Her departure "was a mutual decision" between Paulose and officials in Justice's headquarters, said one source familiar with the decision, speaking about a personnel matter on the condition of anonymity.
11.20.2007 12:24pm
anym_avey (mail):
So, in other words:

She's a talented individual who is a good attorney, but she has an abbrasive style that created personality conflicts in her capacity as an office manager. A little he-said here, a little she-said there, and it soon became apparent that she would not be able to continue in her current capacity without said office falling apart.

Thus, she was reassigned to a position where she will not be a manager, and the prestige of which is not clearly better or worse, in order to giver her a graceful exit that would neither blemish her income and resume, nor create any new lingering resentments in the office she left behind -- which will, after all, need to work cooperatively with the USAG on occasion.

Do I have the facts right so far? If so, this sounds like a pretty mundane thing which was handled as best as possible under the circumstances (which is not to say that Ms. Paulson is anything other than upset about having to do this).
11.20.2007 1:01pm
Adam J:
anym_avey- Actually you missed quite a bit of alleged wrongdoing by Paulose, nice attempt to gloss it over it all though.
11.20.2007 1:06pm
badger (mail):
Ah, one last thing:

To all those Powerline devotees who really believe that Paulose got promoted, let me ask you something: What exactly did she do to deserve getting promoted over other USAs with more experience (she hasn't even been in Minnesota for a year) and fewer scandals? Are there any major cases I'm missing?

/(Oh right, she eradicated the Latin Kings from Minneapolis. Silly me.)
11.20.2007 1:07pm
arbitraryaardvark (mail) (www):
this just in:
Court agrees to rule on gun case
Tuesday, November 20th, 2007 1:02 pm | Lyle Denniston | Comments (0) | Print This Post

Email this • Share on Facebook • Digg This!

After a hiatus of 68 years, the Supreme Court on Tuesday agreed to rule on the meaning of the Second Amendment — the hotly contested part of the Constitution that guarantees "a right to keep and bear arms."
11.20.2007 1:10pm
Kazinski:
It is obvious the reason why Mukasey gave Paulose a soft landing is because she is a talented but inexperienced attorney that didn't deserve being humiliated by an outright dismissal.
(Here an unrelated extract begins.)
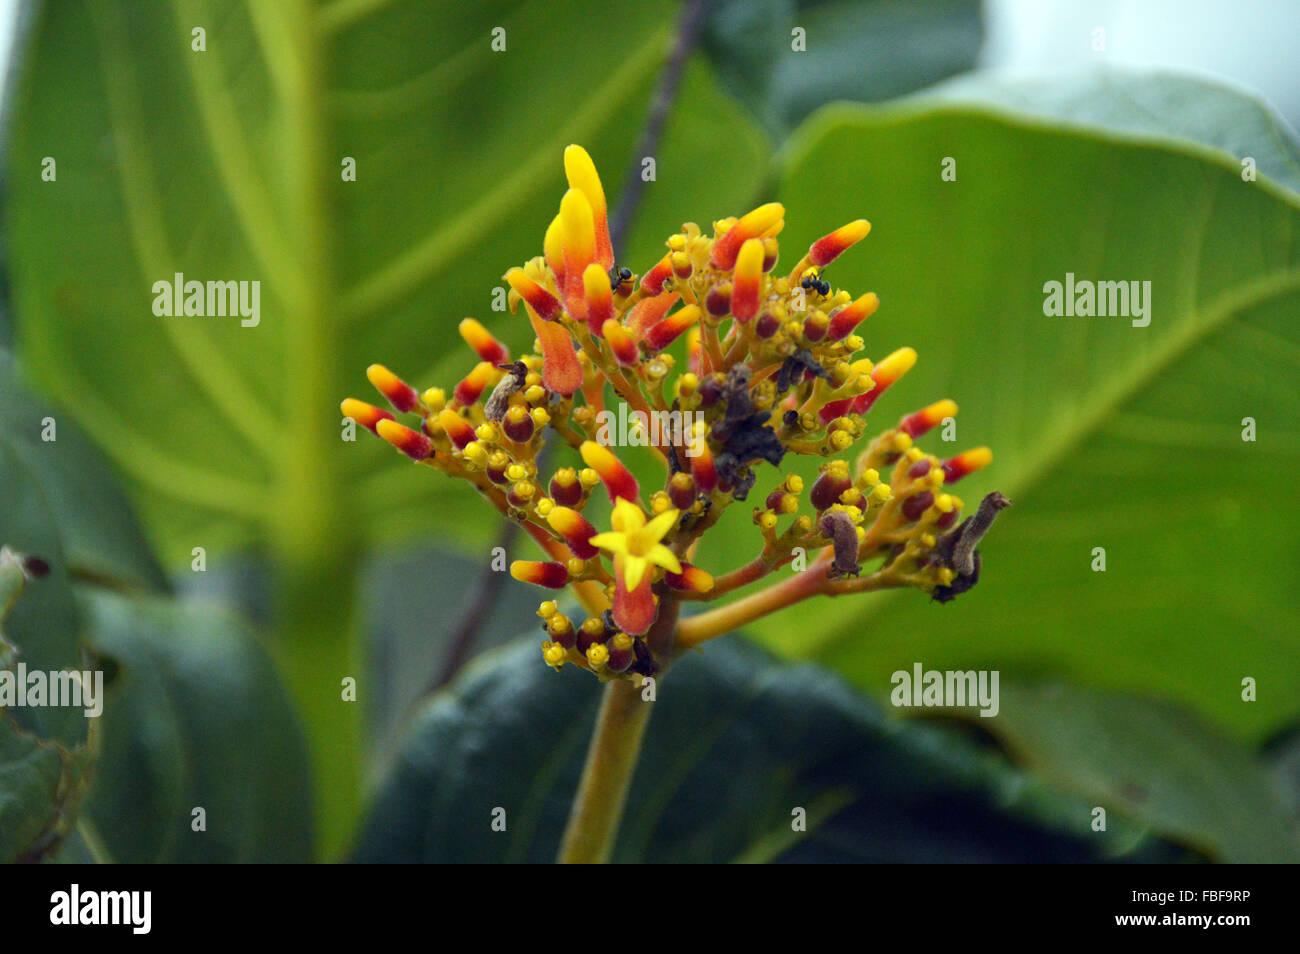 Flower and buds closeup at chapada dos veadeiros,Goias Brazil - Stock Image

It sounds like the kind of compromise solution that gives throws everybody a bone, and removes the point of contention. Despite being a Bush appointee Paulose is not inherently evil, and despite being career employees the AUSA's on her staff are not communists. It is the toughest job in the world for a young inexperienced manager to manage assertive well educated staff that have plenty of higher paying options available to them. Not everyone that is ambitious, young, brilliant, and good looking make great managers on their first big chance.
11.20.2007 1:43pm
hattio1:
Ben P writes;

However

Erick Black's coverage obviously is not neutral, it begins with the phrase


Paulose Resigns... The mood in the office is described as a combination of relief and euphoria.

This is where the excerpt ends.